For More Effective Data Integration, Integrate Your Organizational Teams
An old mantra holds that there are three essential ingredients in building an effective organization: People, tools, and processes. When you get each of these ingredients right, success naturally follows.
When it comes to data integration, however, it can be easy to overlook the importance of the first item on that list—people. It is simple enough to implement the right data integration tools and processes through careful research, design and engineering. But setting up your people for data integration success can be more challenging.
That is true due especially to the fact that at most organizations today, it’s not just data engineers and scientists who play important roles in data integration. These days, virtually everyone interacts with data in one way or another.
This means that, to make data integration as efficient and cost-effective as possible, it’s crucial to organize your people in the right way and empower them to communicate and collaborate effectively. This article explains how.
The Siloed Organization
Setting up your people for successful data integration begins by identifying the silos that separate different individuals and teams from working together effectively.
Here, I’m drawing on the “silo” concept made popular by the DevOps movement. Advocates of DevOps believe that software development and deployment is most effective when different individuals and groups are able to communicate and collaborate constantly, rather than existing inside their respective silos and rarely talking to each other.
The same type of thinking can be applied to data integration. Data integration typically involves passing information and processes between multiple groups; it is rare for a single group to bear total responsibility for collecting, storing, transforming and analyzing data. If your organization is siloed, and the groups within it cannot effectively communicate or hand tasks off to each other, your data integration process will fail.
For example, your organization might have an HR department that is responsible for collecting data about new employees. If the HR department exists in a silo—that is, if its members have little visibility into what other departments are doing, or little understanding of what other departments even do—it will be difficult to ensure that employee data is properly stored, archived and secured.

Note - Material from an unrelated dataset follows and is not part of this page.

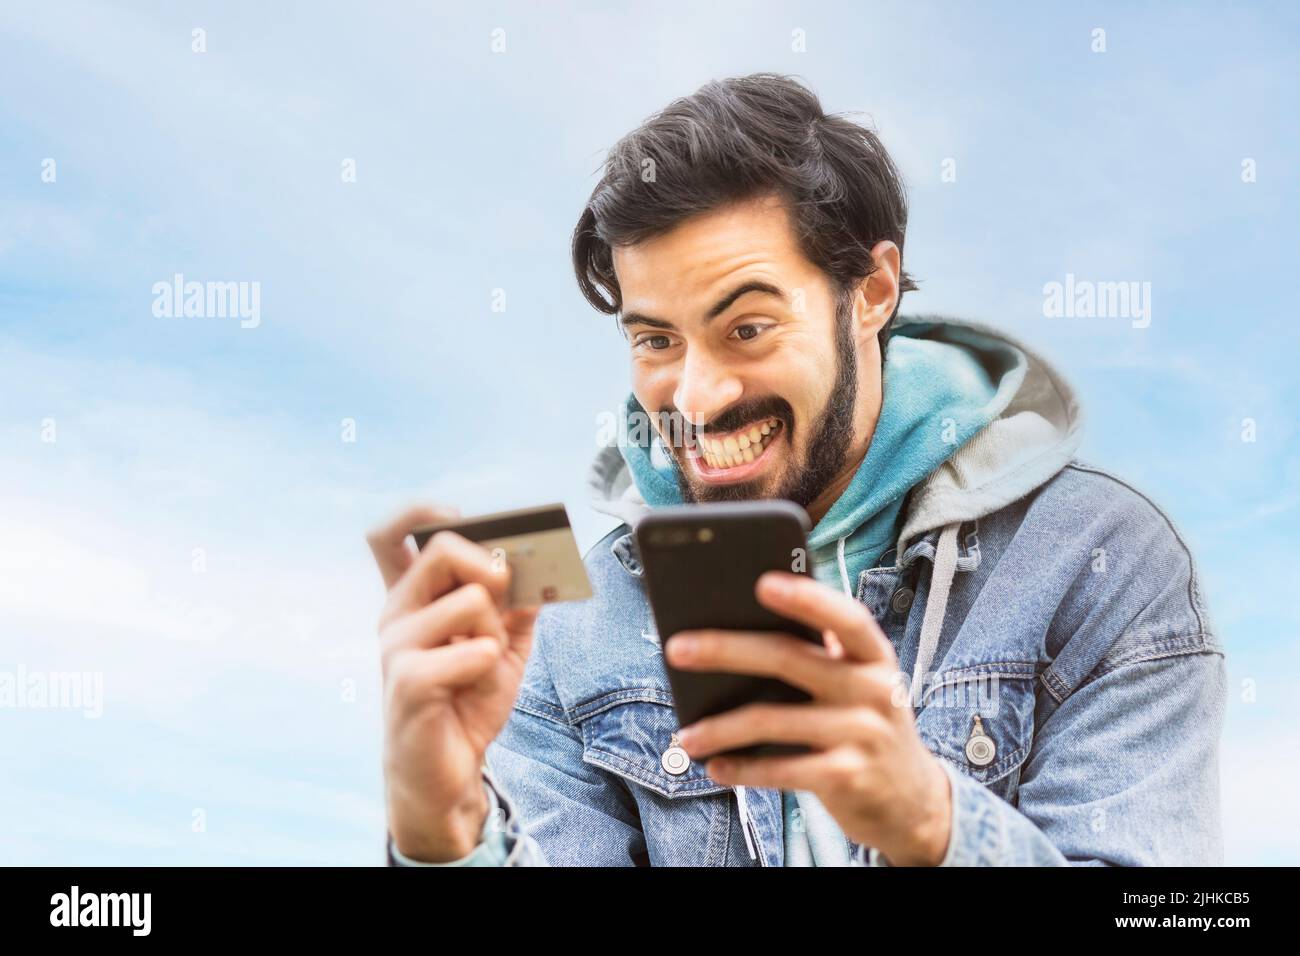 Latin man using credit card to make online payment on smartphone. Mixed race man using cellphone for shopping online. Guy using smart phone to check c Stock Photo

The developers who write the applications that process the data will have little means of understanding the special needs associated with it, so they will not able to create applications that provide the right level of data security, because they won’t know what that security is.
Similarly, in a siloed organization, data engineers who are responsible for managing data are unlikely to be able to communicate with HR in order to understand the special data management challenges associated with employee data. They may not know how long the data should be retained, or how to deal with data quality problems (such as missing or misspelled names) that they discover in the data sets.
On top of all of this, the HR department’s lack of visibility into what developers and data engineers are doing with the data collected by HR also means that HR employees are unlikely to be able to collect and record data in ways that streamline data integration. They won’t know which particular practices make data integration easier for the teams to which they hand off data.
De-Silo’ing Your Organization
What does breaking down data integration silos look like in practice? It doesn’t mean abandoning all organizational structure; in the example above, your HR department should still continue to operate as a distinct unit.
Instead, breaking down the silos entails allowing each of your departments or groups to communicate effectively with others and understand the challenges they face. It might mean having members of one department spend a few hours each month seeing what other departments do with the data that they collect. It could also mean establishing clear communication channels so that when a glitch occurs at some point along the data integration pipeline, the teams involved can easily talk about it, even if the business responsibilities of those teams do not normally overlap. Even something as simple as asking each department to identify its data integration painpoints, then sharing that information with other departments, could help to eliminate silos.
DevOps advocates would make similar points about about de-siloing software developers from IT Ops teams, by the way. The goal of DevOps is not to remove all barriers between teams or destroy specialization, but rather to build effective communication and visibility bridges between groups that would otherwise not communicate with each other.
Conclusion: De-Silo’ing Your People
Silos are the enemy of effective data organization. They prevent your people—those who work in technical roles, as well as everyone else who helps in some way to collect, store, back up, recover or interpret data—from understanding how they can help each other perform better data integration. If you want to make data integration faster and less expensive, start by eliminating the silos that separate your people form each other.